Supervised Machine Learning – Addressing Class Imbalance

machine learningsupervised learningunbalanced-classes

This is a question in general, not specific to any method or data set. How do we deal with a class imbalance problem in Supervised Machine learning where the number of 0 is around 90% and number of 1 is around 10% in your dataset.How do we optimally train the classifier.

One of the ways which I follow is sampling to make the dataset balanced and then train the classifier and repeat this for multiple samples.

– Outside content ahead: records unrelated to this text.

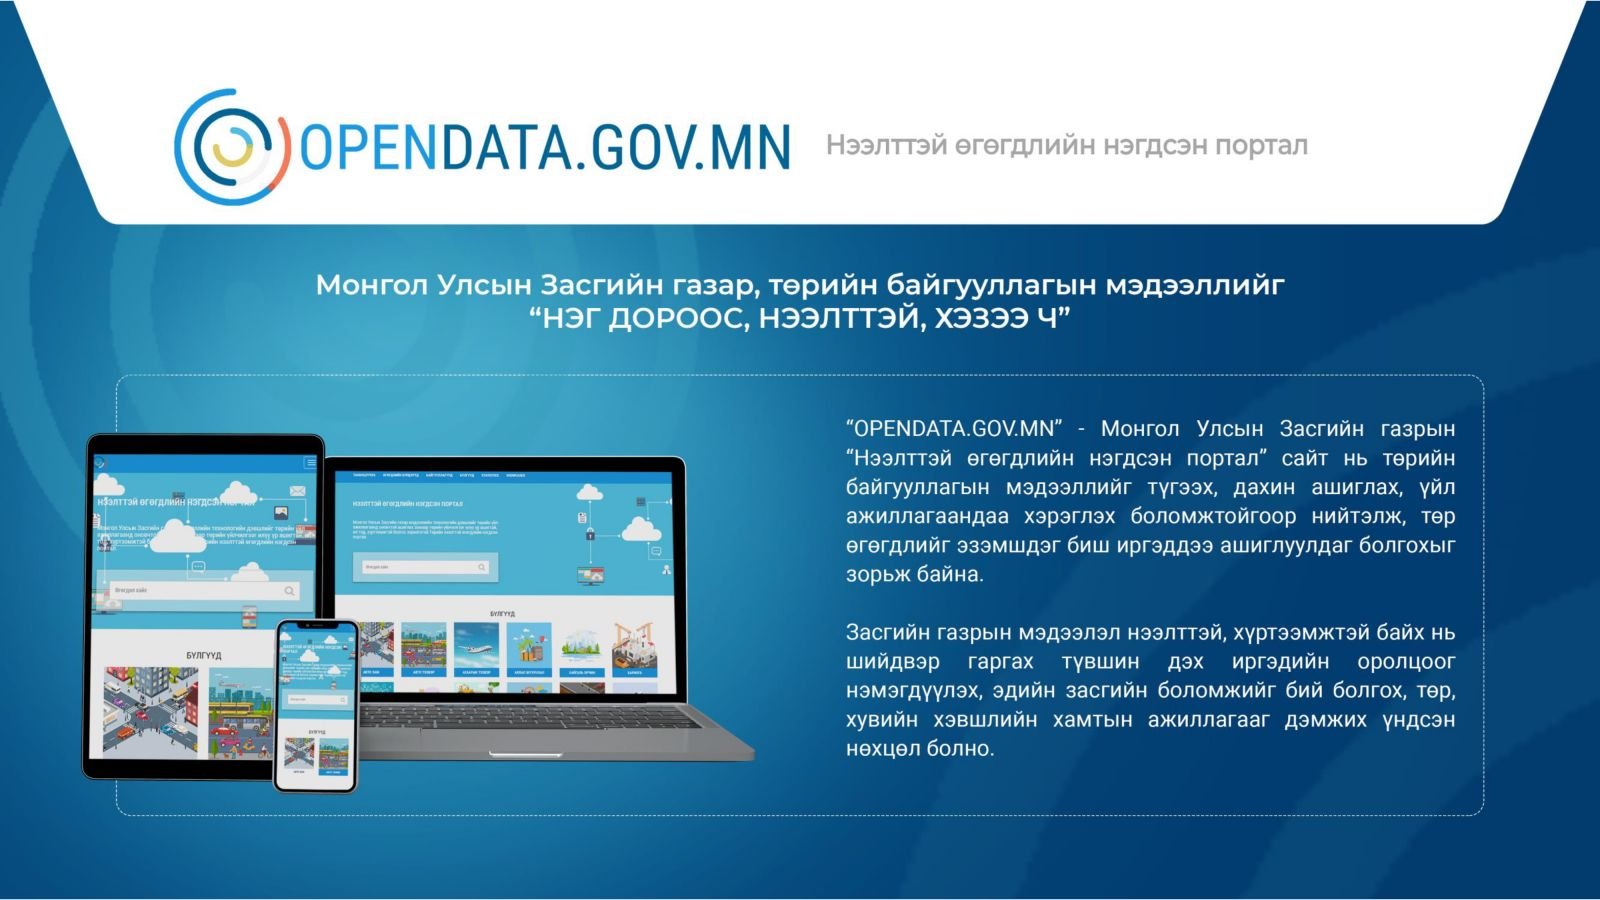 Open data portal was launched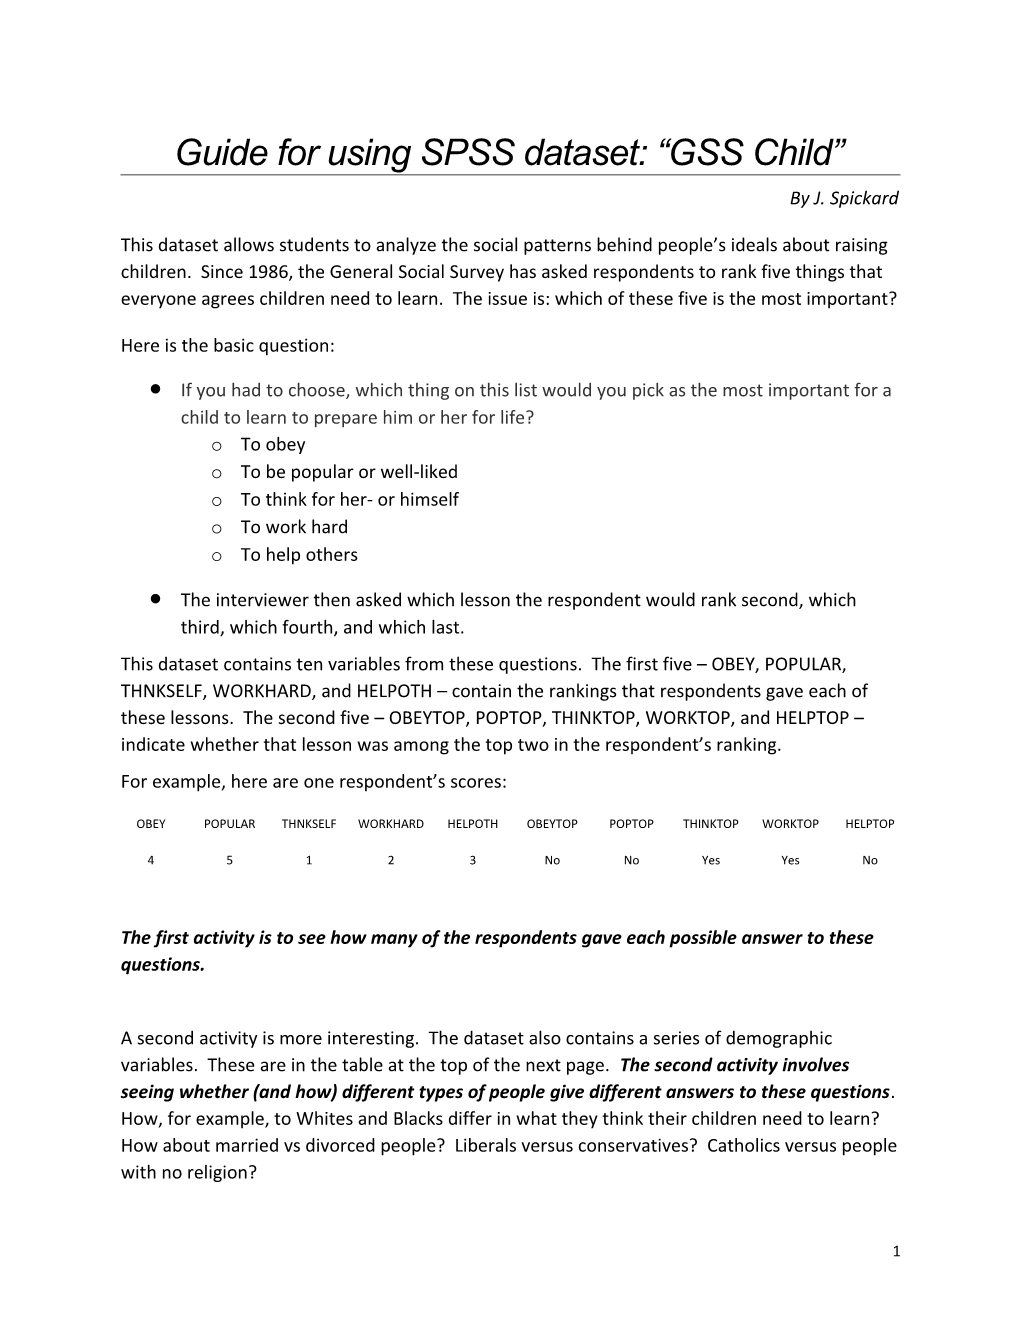 Guide for Using SPSS Dataset GSS Child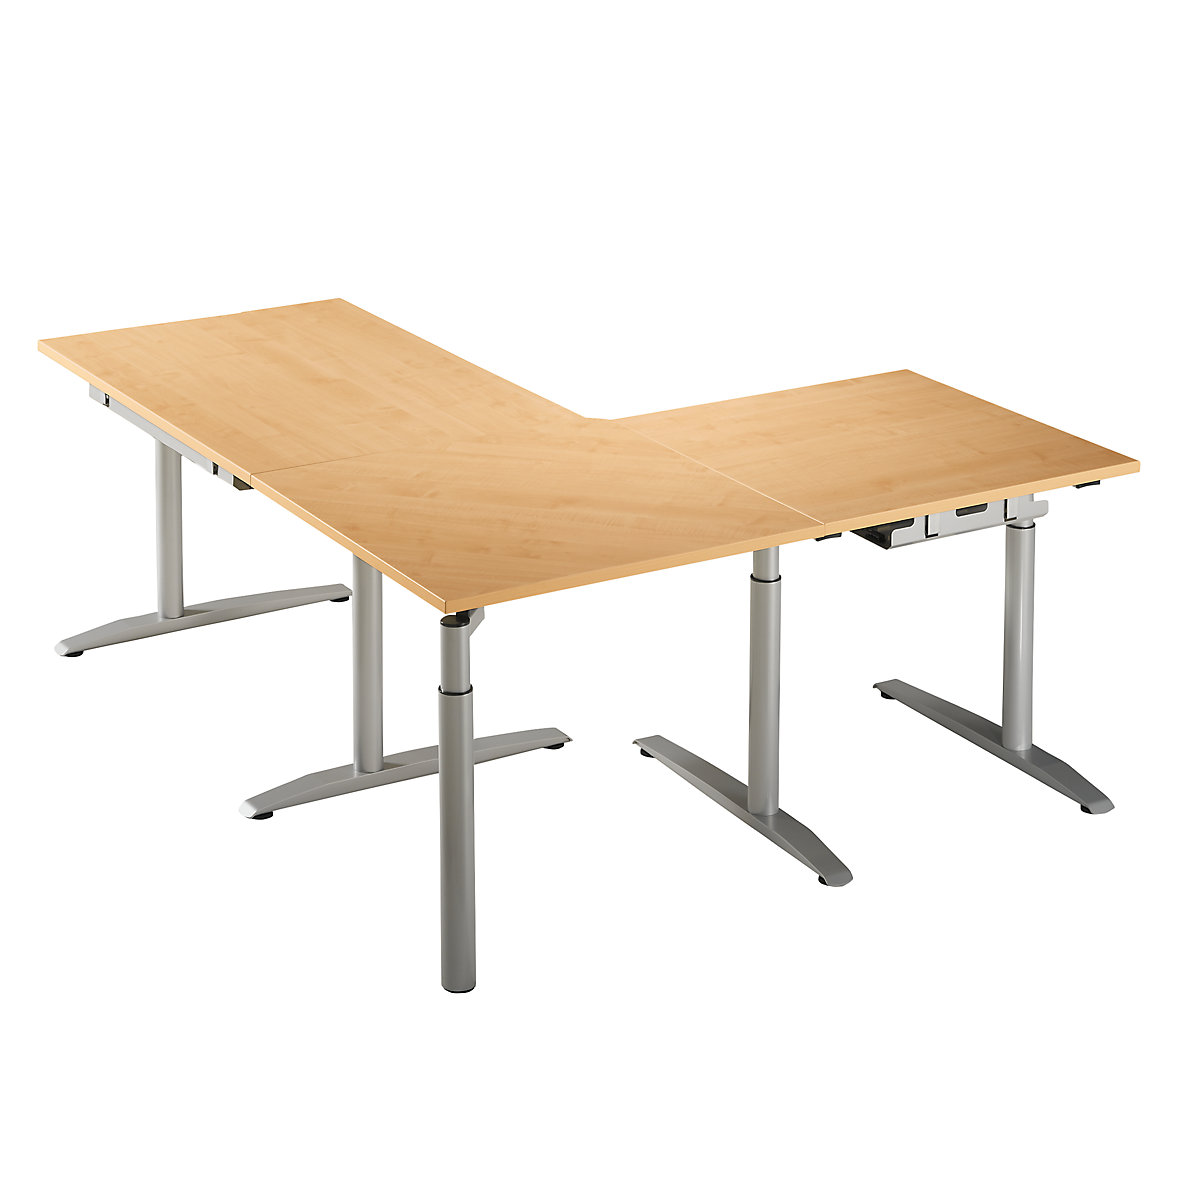 Linking top, height adjustable from 680 – 820 mm HANNA, 90°, with support leg, beech finish-6

I feel this is random, Is there any framework to approach these kind of problems.

Best Answer

There are many frameworks and approaches. This is a recurrent issue.

Examples:

  • Undersampling. Select a subsample of the sets of zeros such that it's size matches the set of ones. There is an obvious loss of information, unless you use a more complex framework (for a instance, I would split the first set on 9 smaller, mutually exclusive subsets, train a model on each one of them and ensemble the models).
  • Oversampling. Produce artificial ones until the proportion is 50%/50%. My previous employer used this by default. There are many frameworks for this (I think SMOTE is the most popular, but I prefer simpler tricks like Noisy PCA).
  • One Class Learning. Just assume your data has a few real points (the ones) and lots of random noise that doesn't physically exists leaked into the dataset (anything that is not a one is noise). Use an algorithm to denoise the data instead of a classification algorithm.
  • Cost-Sensitive Training. Use a asymmetric cost function to artificially balance the training process.

Some lit reviews, in increasing order of technical complexity\level of details:

Oh, and by the way, 90%/10% is not unbalanced. Card transaction fraud datasets often are split 99.97%/0.03%. This is unbalanced.